My STEM Story: Scaling STEM Motivation Through Digital Storytelling and Near Peer Relationships
Description
This project will advance efforts of the Innovative Technology Experiences for Students and Teachers (ITEST) program to better understand and promote practices that increase student motivations and capacities to pursue careers in fields of science, technology, engineering, or mathematics (STEM) by developing and testing a novel approach to near-peer mentoring. High school students will use videography to capture their conversations with undergraduate students about their academic struggles and successes in science. The goal is for the digital storytelling videos to bring to life the experiences students from underrepresented groups have in their pursuit of careers in STEM fields. The project is based on the premise that interactions between undergraduate students and high school proteges having similar backgrounds and social experiences have potential to benefit both students in the near peer mentoring relationship as well other high school students who view the videos within teacher-guided settings. The digital storytelling approach is expected to promote positive attitudes toward science, interests in science disciplines, and intentions to pursue education pathways to science-related careers. In particular, it is anticipated that the approach will contribute to broadening the participation of students from groups historically underrepresented in STEM-related education pathways and career domains. The project will examine the extent to which the planned creative and reflective video experiences generate interests in pathways to STEM careers more effectively than traditional, academically focused approaches. It is hypothesized that the digital storytelling videos highlighting core themes such as overcoming personal struggles and institutional barriers, learning from mistakes, dispelling misconceptions about scientists and science careers, and the reality of being a young person of color interested in science, can effectively promote positive attitudes toward science and intentions to pursue STEM-related careers.
This project is guided by four research questions: (1) For high school proteges co-constructing digital storytelling videos, does the project intervention influence students' possible future selves as well as the proximal outcomes of: (a) Positive attitudes toward science, (b) Greater interest in science, and (c) Greater intentions to pursue science pathways? (2) In a broader sample of high school students in science classrooms, does the project intervention succeed in influencing students' possible future selves and subsequent proximal outcomes? (3) What are the themes-both predicted and unanticipated-that are portrayed in the digital storytelling videos? What are the key elements that students find personally meaningful or memorable? (4) Do the intervention effects vary as a function of level of viewer engagement with the digital storytelling videos, specific themes portrayed in the videos, and/or individual student-level characteristics?
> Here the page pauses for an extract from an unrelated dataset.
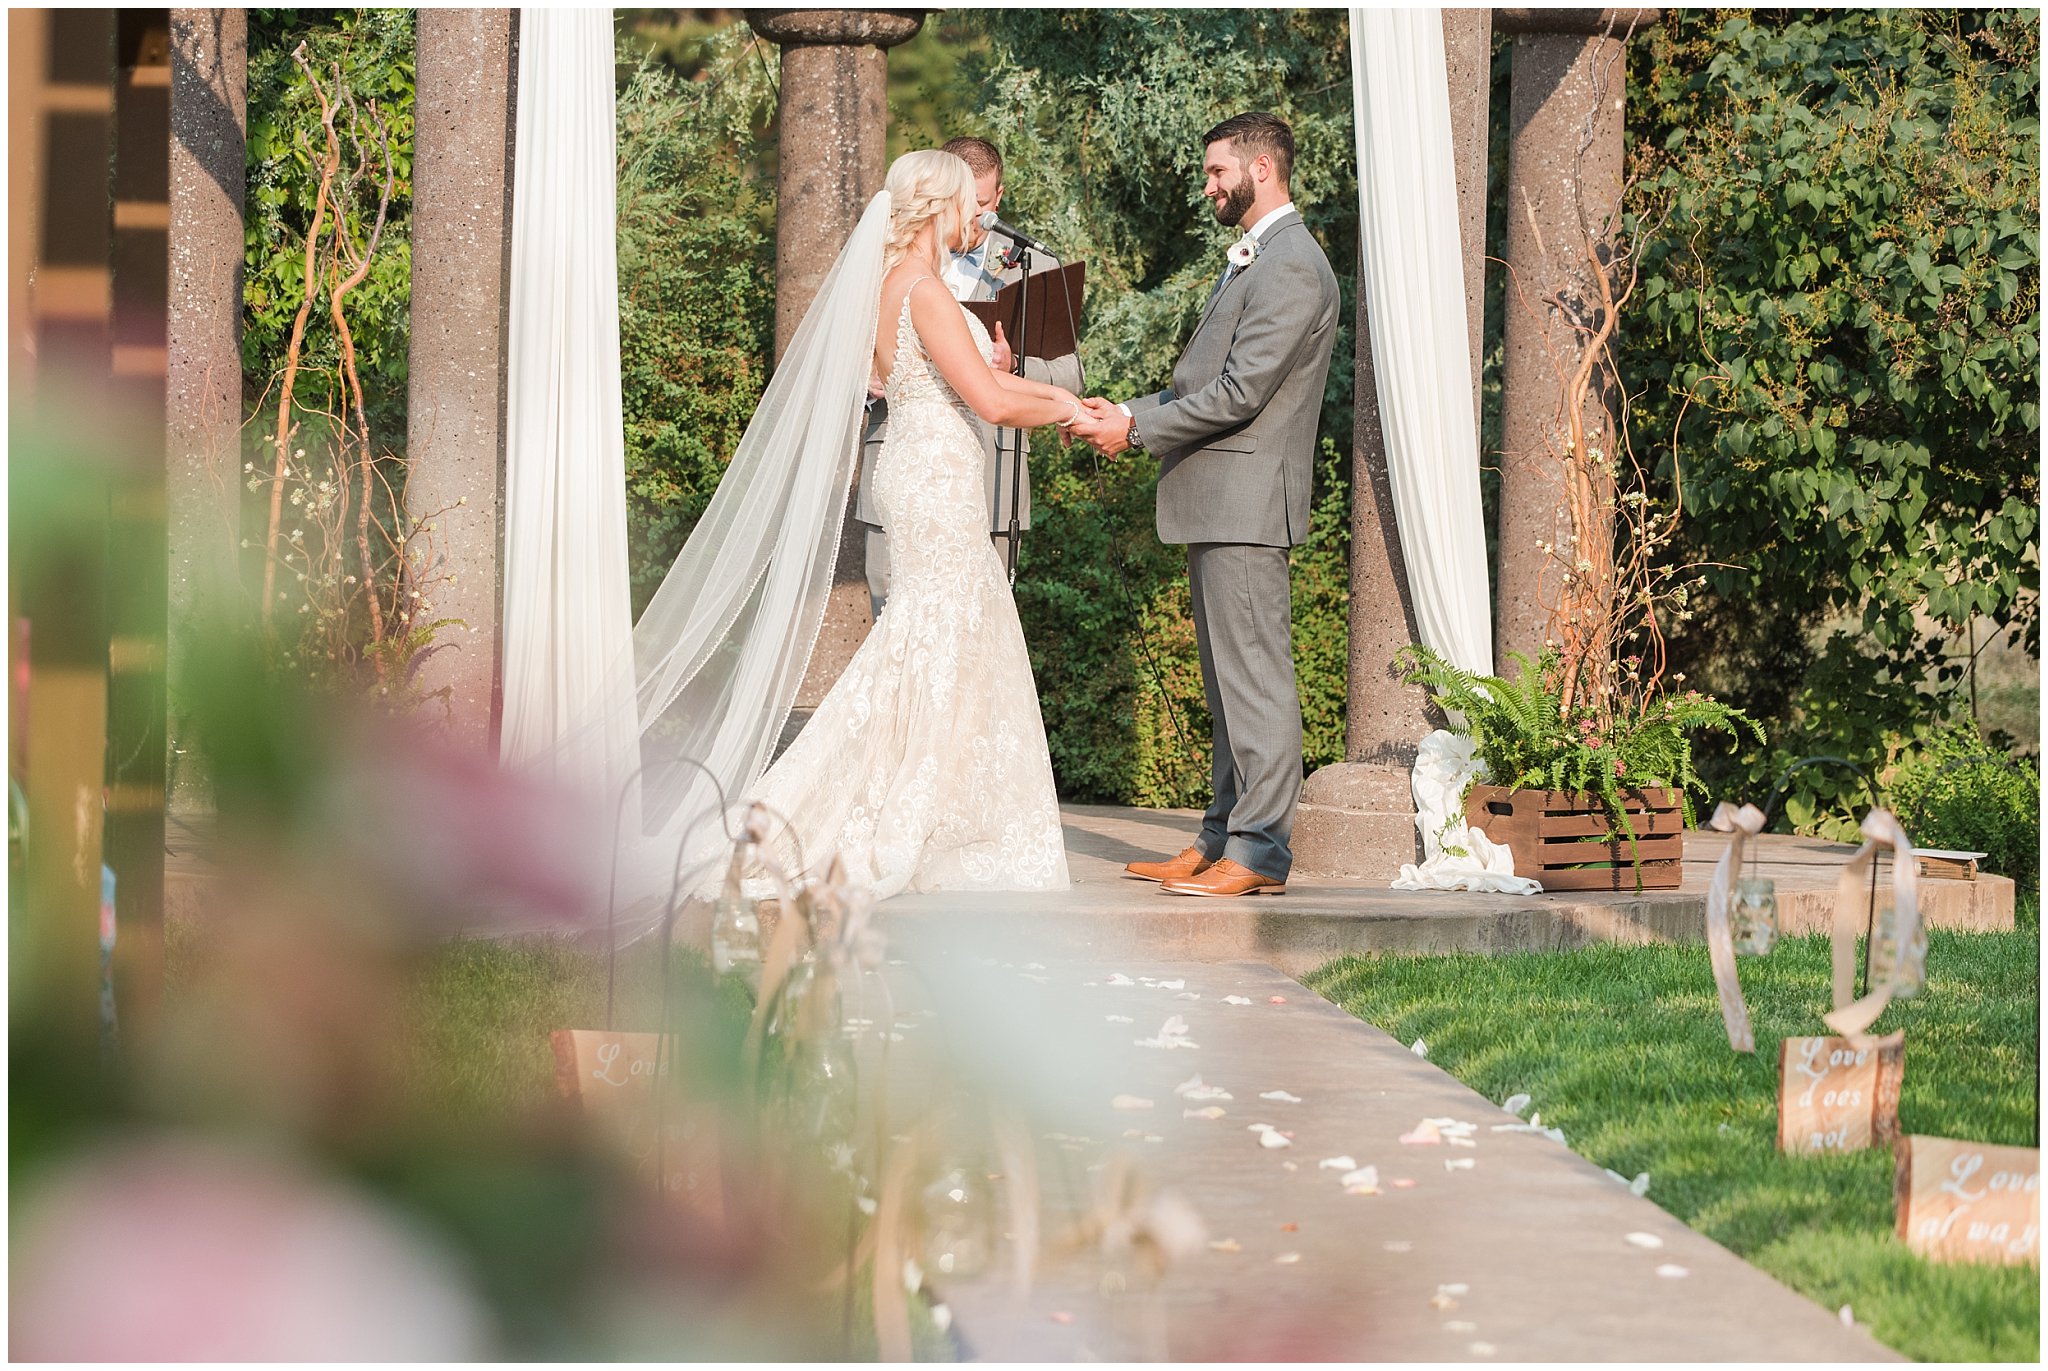 Bride and groom reading vows to each other | Dusty Blue and Rose Summer Wedding at Oak Hills Utah | Jessie and Dallin Photography

And (5) Is the intervention feasible and usable in schools? Does it show promise for scaling? The project will begin with intervention design and recruitment of students and teachers, followed by a feasibility pilot test using a mixed-methods case study. An efficacy field test will then be conducted using a small-scale group-randomized design, with schools randomized into one of three conditions: full intervention, partial intervention without live video-chat, and partial intervention with informational videos rather than digital storytelling videos produced by participating students. Outcome measures will be administered before the intervention, immediately after the intervention, and six months after the intervention.
This award reflects NSF's statutory mission and has been deemed worthy of support through evaluation using the Foundation's intellectual merit and broader impacts review criteria.